Clerk: “You’re going to have to get out of the chair.”

Me: “Uh… Why?”

Clerk: “That’s for people who are disabled; this lady needs it.”

Me: “Then she can get one out front. I can’t exactly walk.”

Clerk: “I don’t care.”

(He starts moving my stuff into a buggy and reaches for my crutches.)

Me: *almost in tears* “I can’t walk, mate. I’m in a cast.”

Clerk: “You need to get out.”

(The woman has this smug look on her face the whole time, even as I manhandle my cast over and struggle up onto the crutches. I am in tears by this point. Leaving the cart where it is, I hobble up front, passing my friend on the way. He sees me upset and “walking,” so he wants to know what’s going on. I tell him we need to see the manager right then and there, but won’t explain. The manager comes out of his office, sees me upset, and quickly helps me into a chair, wanting to know what’s wrong and if he needs to call EMT services or something for me. I explain to him why I’m upset, what happened, and how I can’t shop there any longer. To put it simply, he is LIVID. He quickly calls the clerk up front and says:)

Manager: “I want your side of this. Now, let me get this straight. Did you eject this customer, who obviously has a broken leg, from a mobility cart so someone else could ride it?”

Clerk: “It’s a fa—“

Manager: “I want a ‘yes’ or ‘no’ answer.”

Clerk: “But… fine. Yeah. So what? He can walk.”

Manager: “Walk? Oh, you mean hobble around in pain? Yeah, I suppose he can do that. You’re going to be walking, too. You’re fired. Now gather your crap, and I don’t want to ever see you in my store again. Got it?”

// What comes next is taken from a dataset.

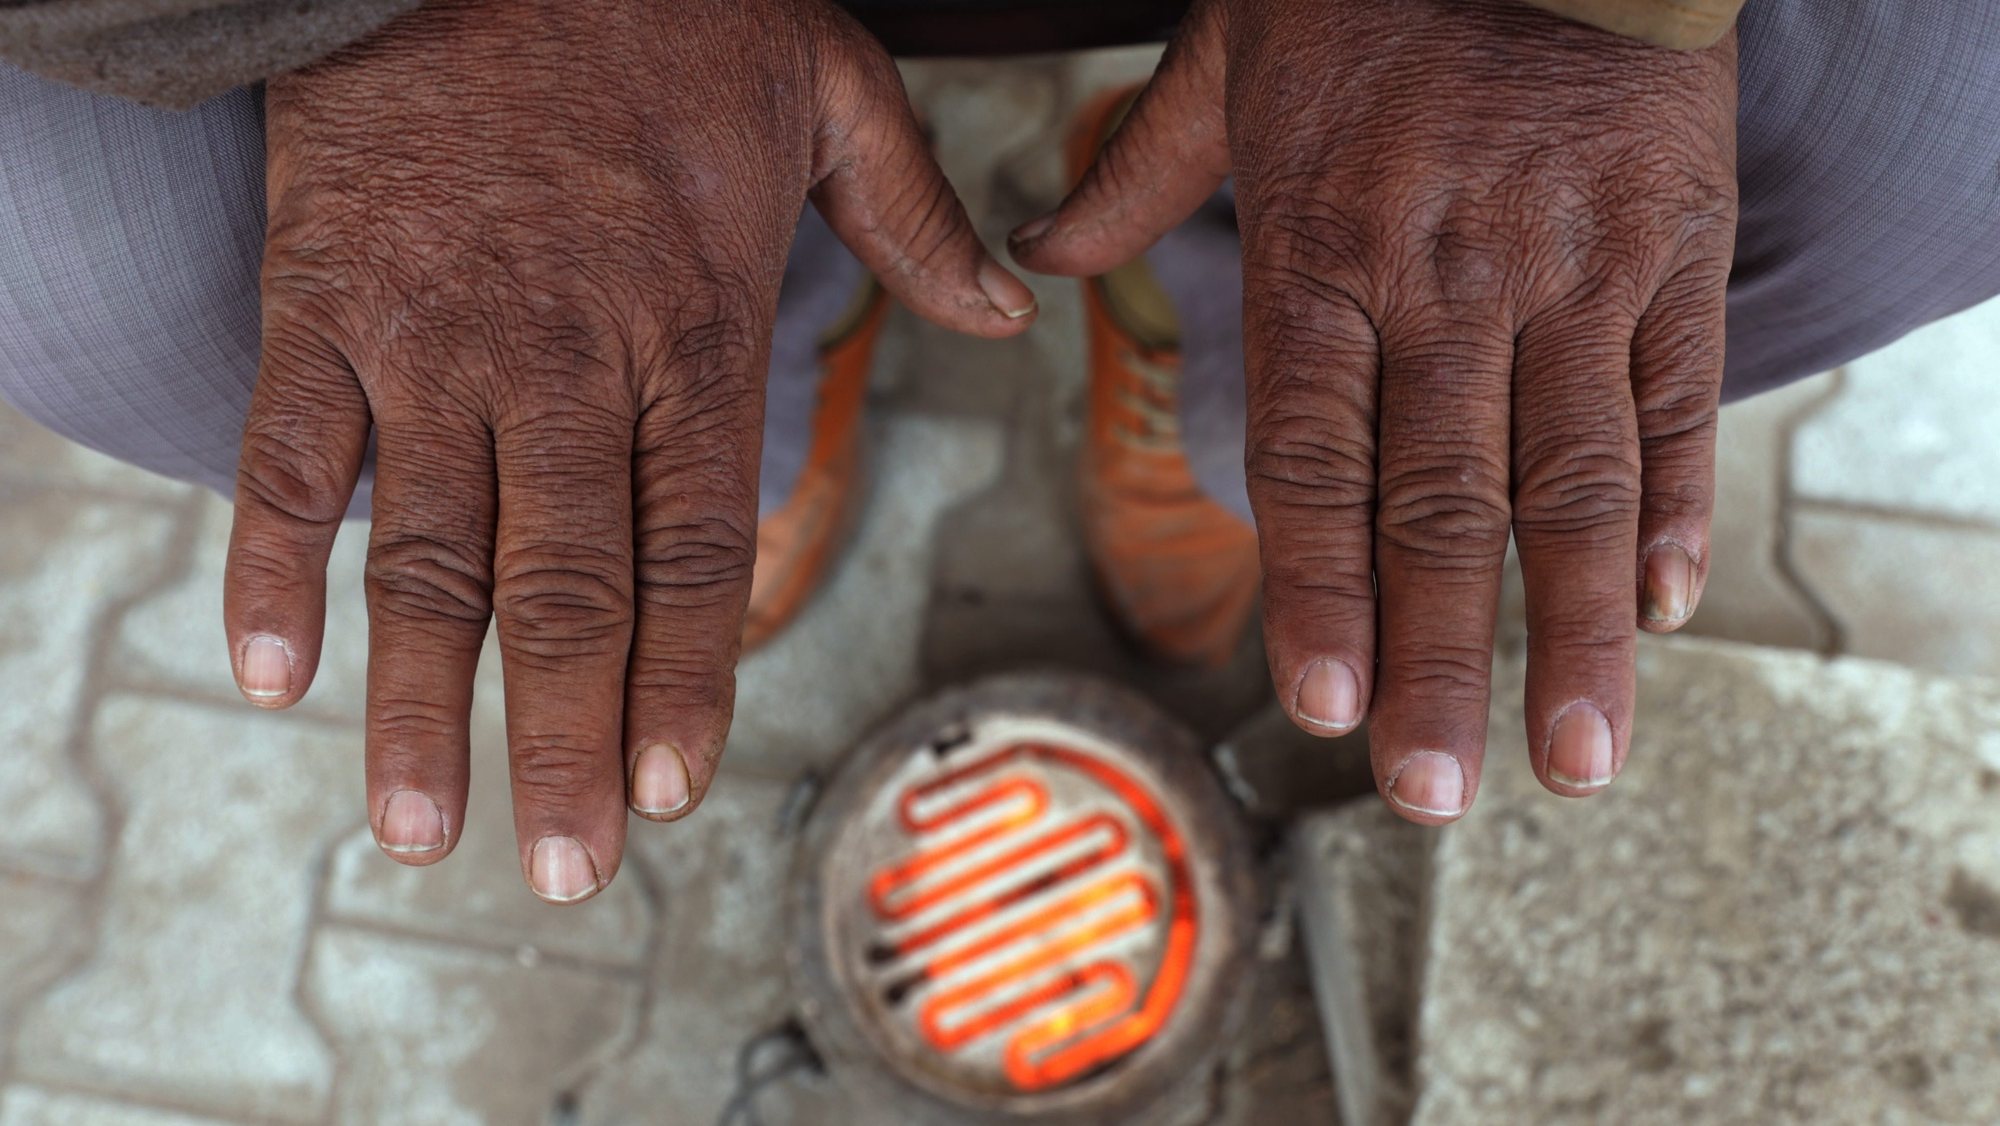 epa05661807 An Indian man warms his hands up over an electric heater on a cold and foggy morning in Amritsar, India, 06 December 2016. The region witnessed dense morning fog as winter season approaches its peak.  EPA/RAMINDER PAL SINGH
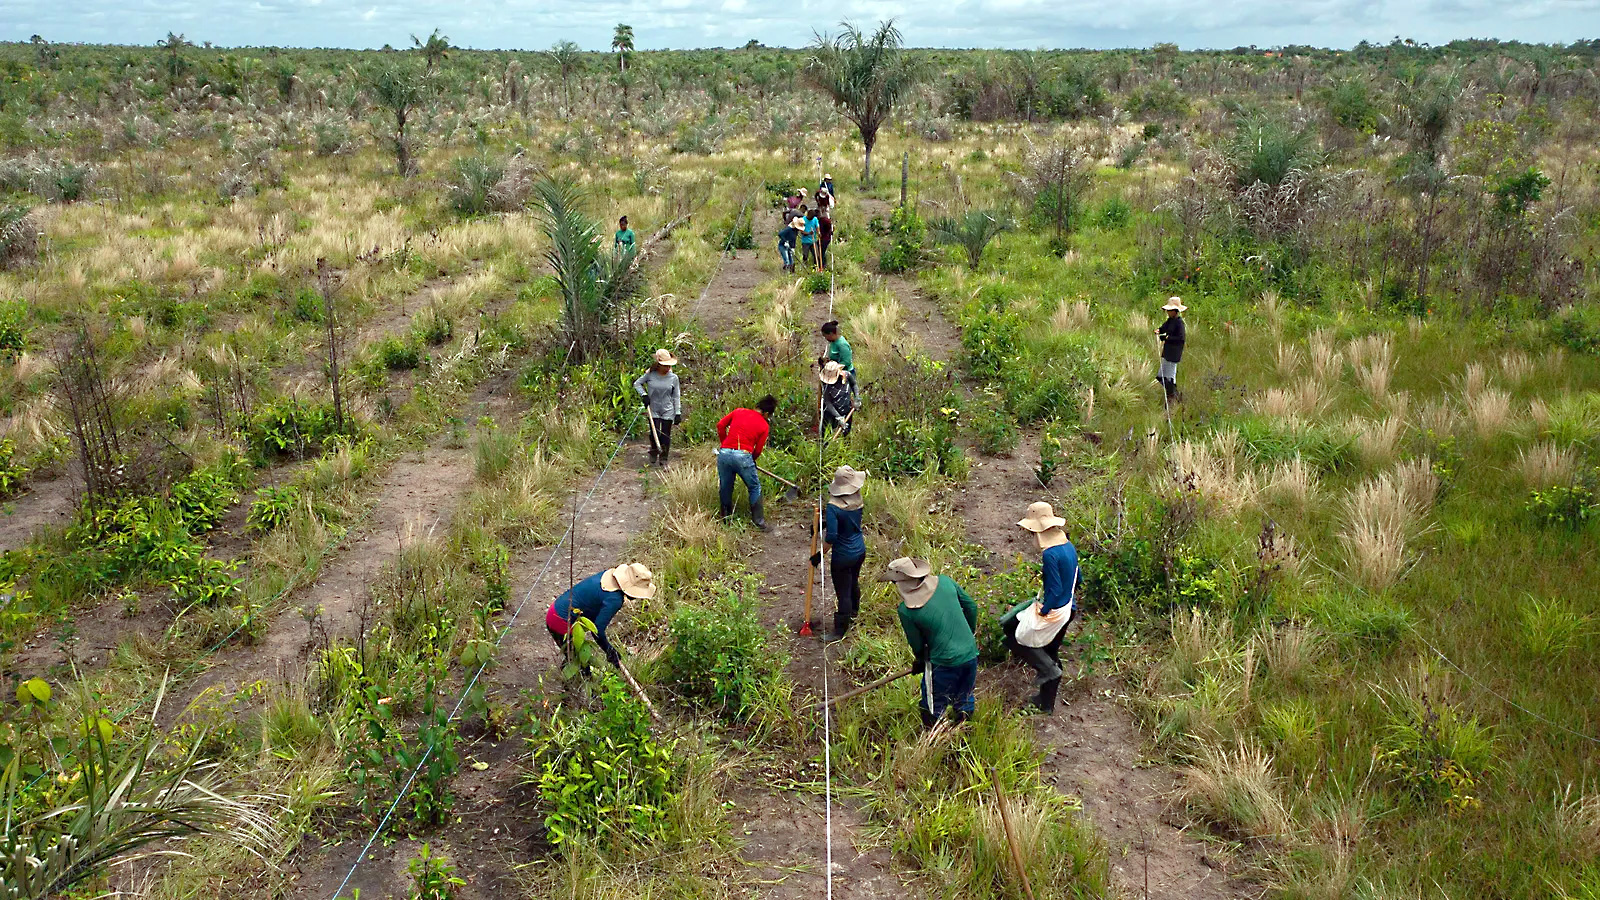 Eden Reforestation Projects: The Eden team working to restore a deforested portion of the Amazon rainforest.

(The clerk muttered something and sulked out. The manager asked where I’d left my buggy, and if I could identify the woman that took the cart. I did the best I could on both counts. He told me to just rest in the chair with my foot up while he would make things right. His store wasn’t about to be remembered for such behavior. About fifteen minutes later, he returned, everything in the cart bagged, and told us to take it as compensation for the trouble. He even helped me out to the car. As we left, I noticed the woman sulking outside, complaining that she was disabled, and how dare they bar her from using the mobility carts. I still shop there regularly, and the manager makes it a point to always ask how I’m doing and if there’s anything I need. I’ve also seen the lady there twice, and both times she is staring rather forlornly at the carts. A sign above them reads, “The management reserves the right to remove you from these carts if it is determined you are NOT eligible for them.”)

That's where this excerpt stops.